My first date with the Muslim community was kind of arranged, it kind of felt like a blind date. It was just before my Nikkah, and it seemed like everyone knew- or thought they knew about the ins and outs of my relationship when we had tried our best to keep it as private as possible. People couldn’t get enough of the low down about who I was marrying, and why I had kept it from them, it felt like they were foaming at the mouth a little, which only made me want to keep it from them more.

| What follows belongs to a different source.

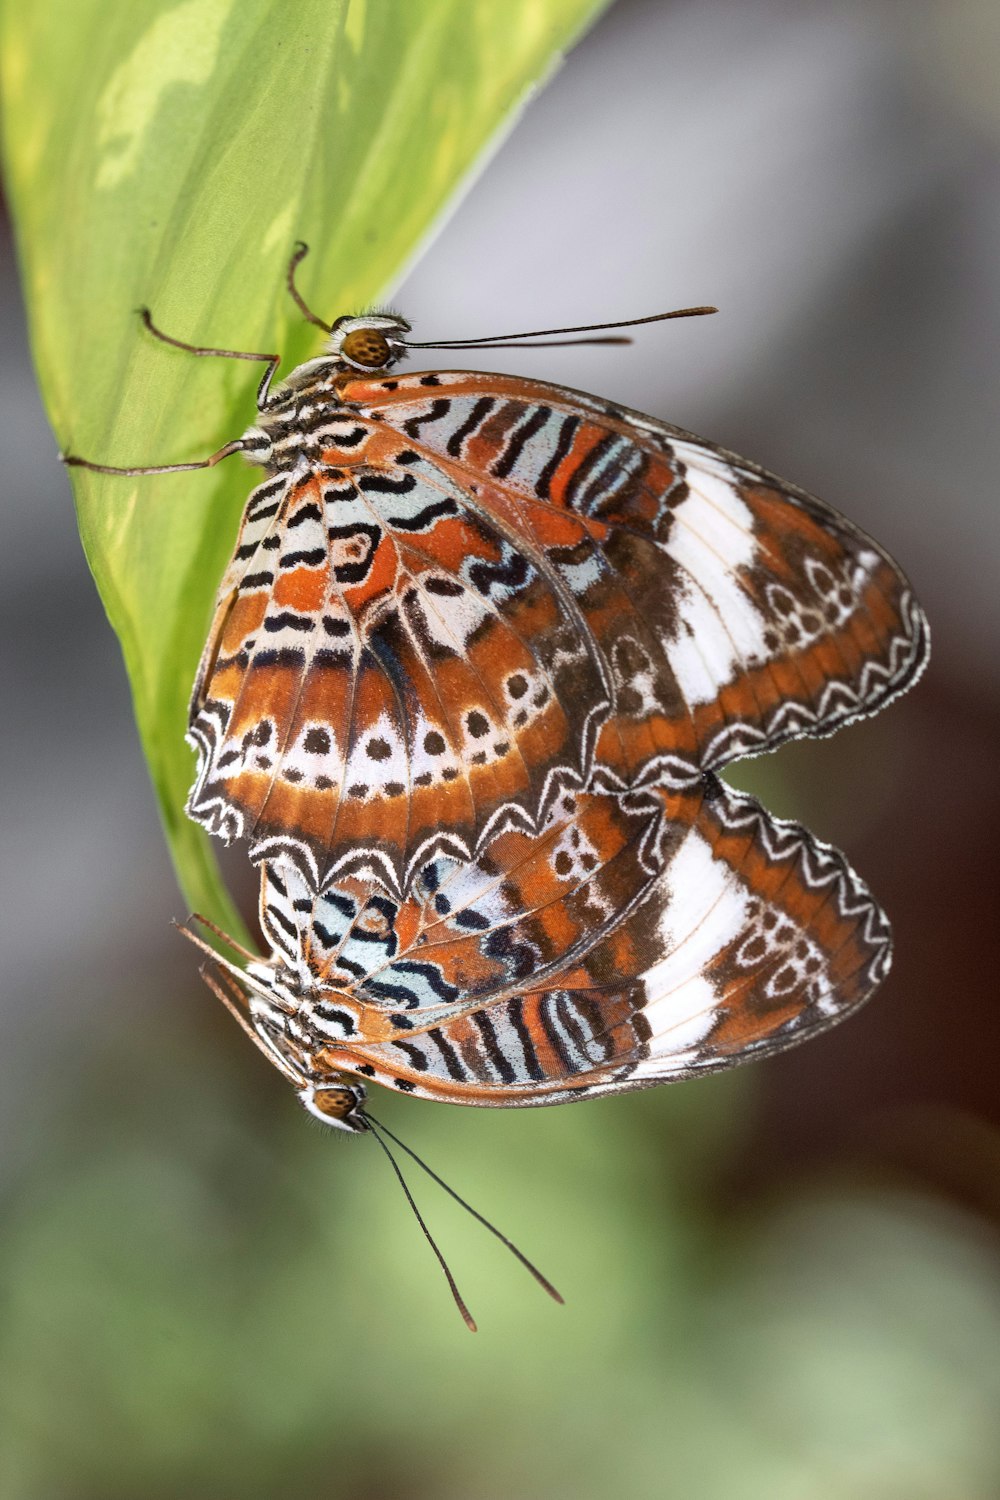 borboleta marrom e branca empoleirada na folha verde em fotografia de perto durante o dia

I had an uneasy feeling about the people around me,  I heard the sharp whispers, and I ended up doing what I always do, ignored it, hoping someone will take heed, and be a little ashamed and think, “maybe I should be worrying about my own love life?”.

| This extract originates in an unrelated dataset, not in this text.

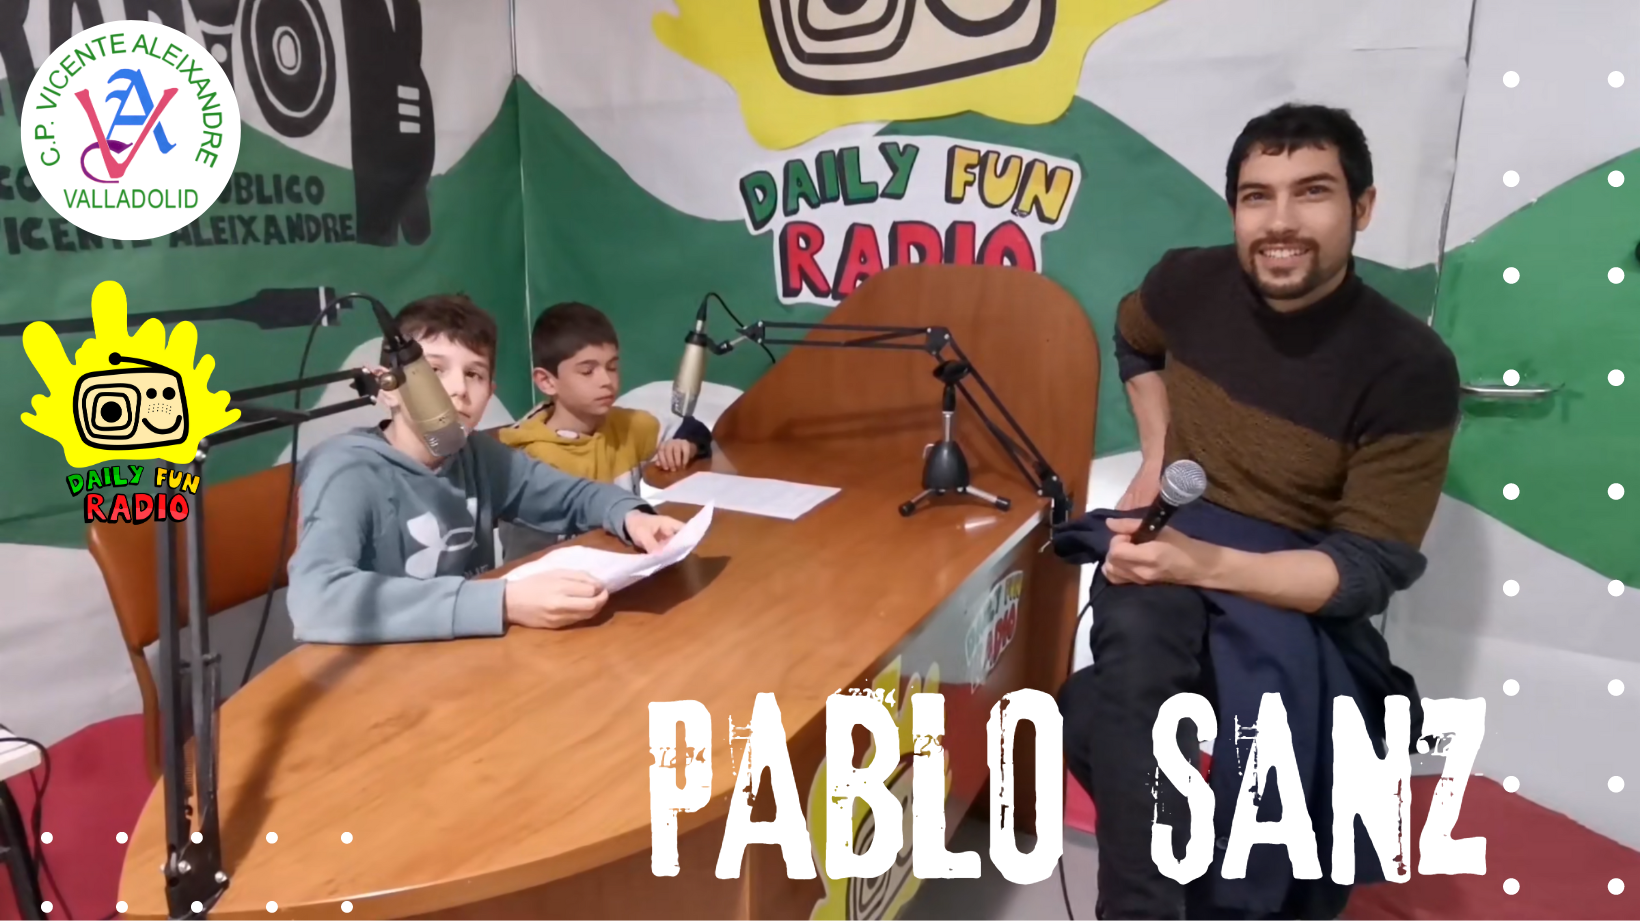 Daily Fun Radio Pablo Sanz

I guess we were bought up on the practices that encourage keeping things to ourselves for a number of reasons:

  1. It may not work out, and having our privacy is such an underrated practice in this day and age.
  2. If things do work out, we want to protect it.
  3.  Internalising that it is ok to owe nothing to your community, particularly those who don’t wish to know you, but wish to know all about you (understand the difference).
  4. Hassad, we are constantly on high alert for some reason, mostly when it comes to our relationships as it seems there is so much at stake, especially within our current climate so much out there designed to break the institution of marriage.
  5. We are encouraged in Islam to keep matters between the husband and wife private.

On a break

After I got married, it was great for a while, I kept it long distance with the community, I felt invincible and happy. I didn’t feel their clinginess anymore, texting slowed and came to a halt. I didn’t feel the draining pull and tug of war of words between frenemies. I didn’t need to explain myself or paste a smile for people I don’t particularly like, I didn’t feel uncomfortable, or feel the artificial energy of forced friendships. It felt great!

But there was still an uncomfortable elephant bubbling under the surface,  see the thing is not many of the women I knew in my community were invited to my wedding.  Marrying young, means not necessarily being able to cater for thousands of people.

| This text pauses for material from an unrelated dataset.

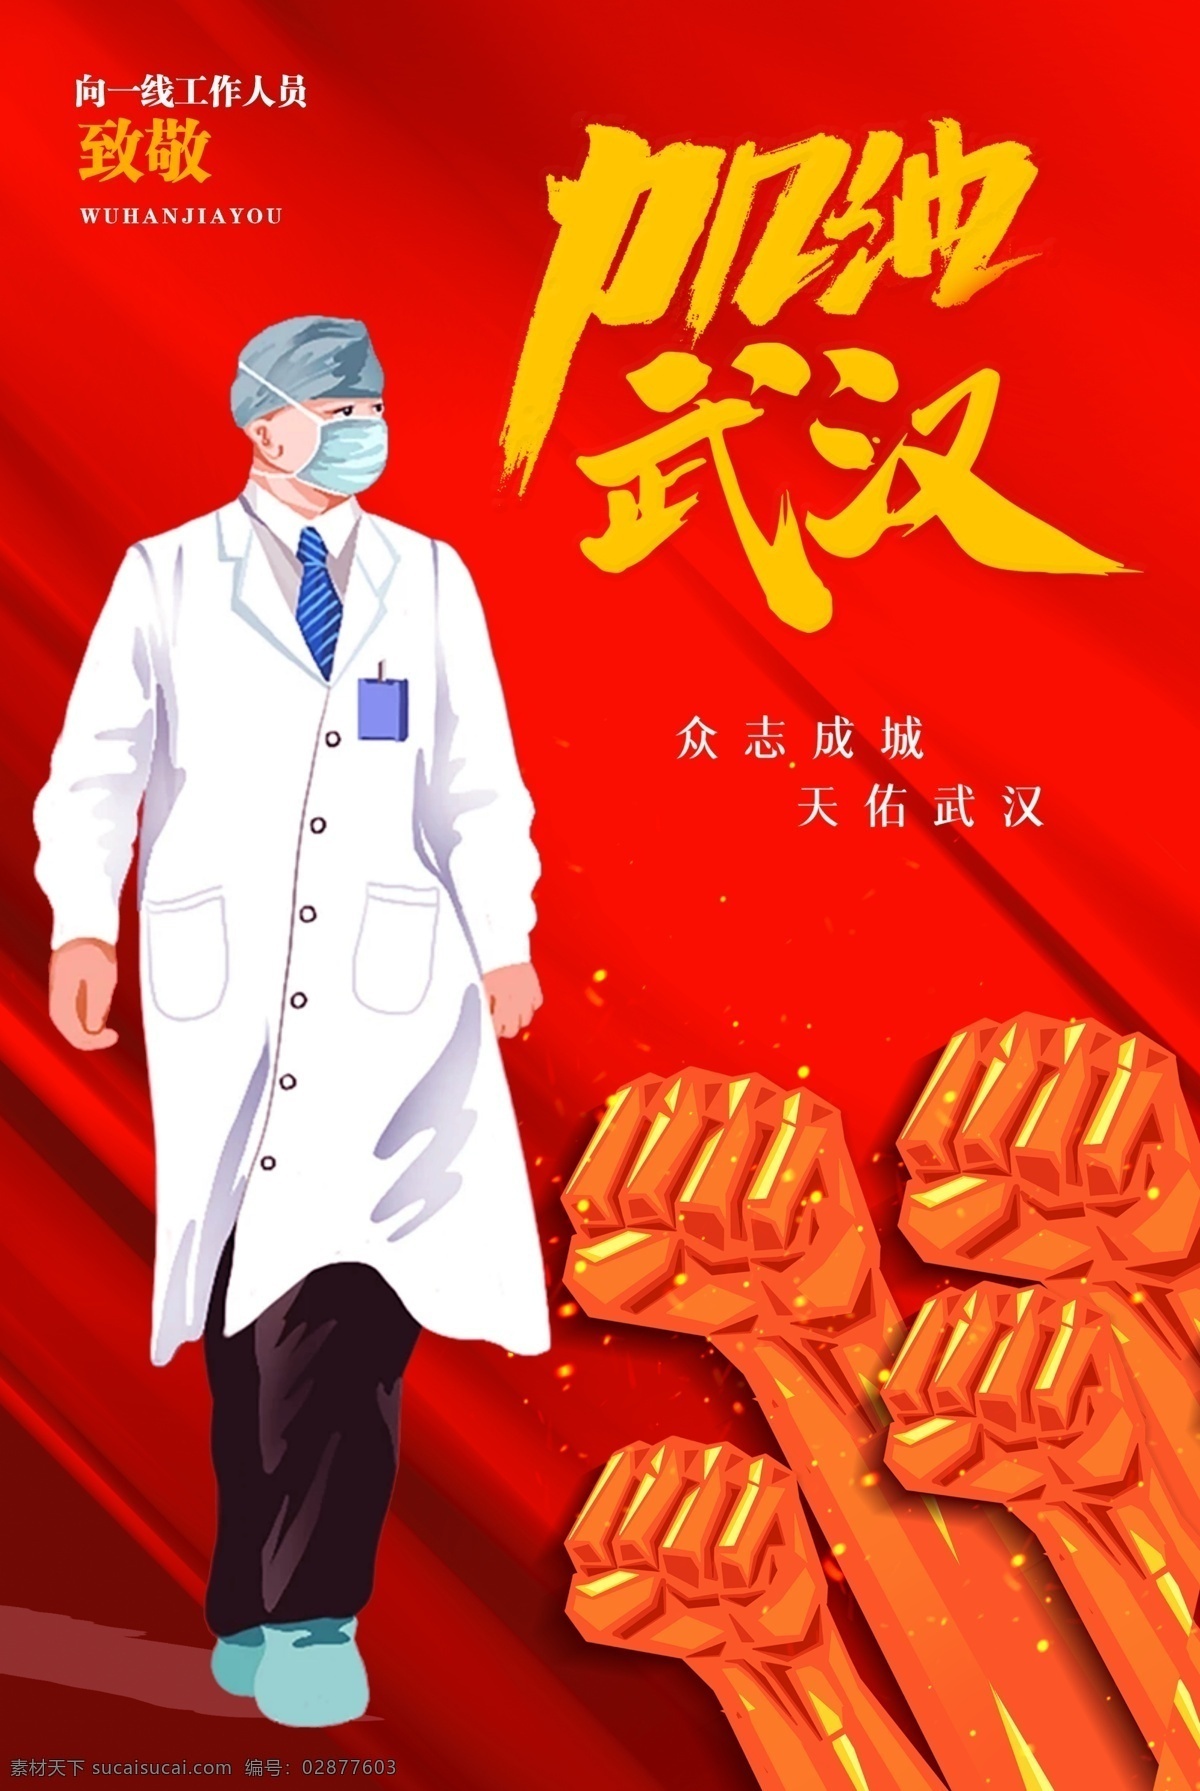 武汉加油 中国 武汉 战疫 加油 疫情 海报 广告 齐心协力 团结 医生 英雄 海报类

The ironic part was, many of the people I was unable to invite to my wedding, turned out to say some really malicious, and unkind things behind my back. Leading me to feel incredibly grateful for my intuition, that perfect little survival kit that Allah placed in the pit of my stomach that seems to accumulate a lot of acids every time something feels – odd.  It seemed that I had made the right decision.

I couldn’t understand the logic behind those who, in their anger of not being invited to a private gathering of someone they claimed to care about so much, could then eat my metaphorical flesh behind my back as a result. There was something incredibly unnerving about that.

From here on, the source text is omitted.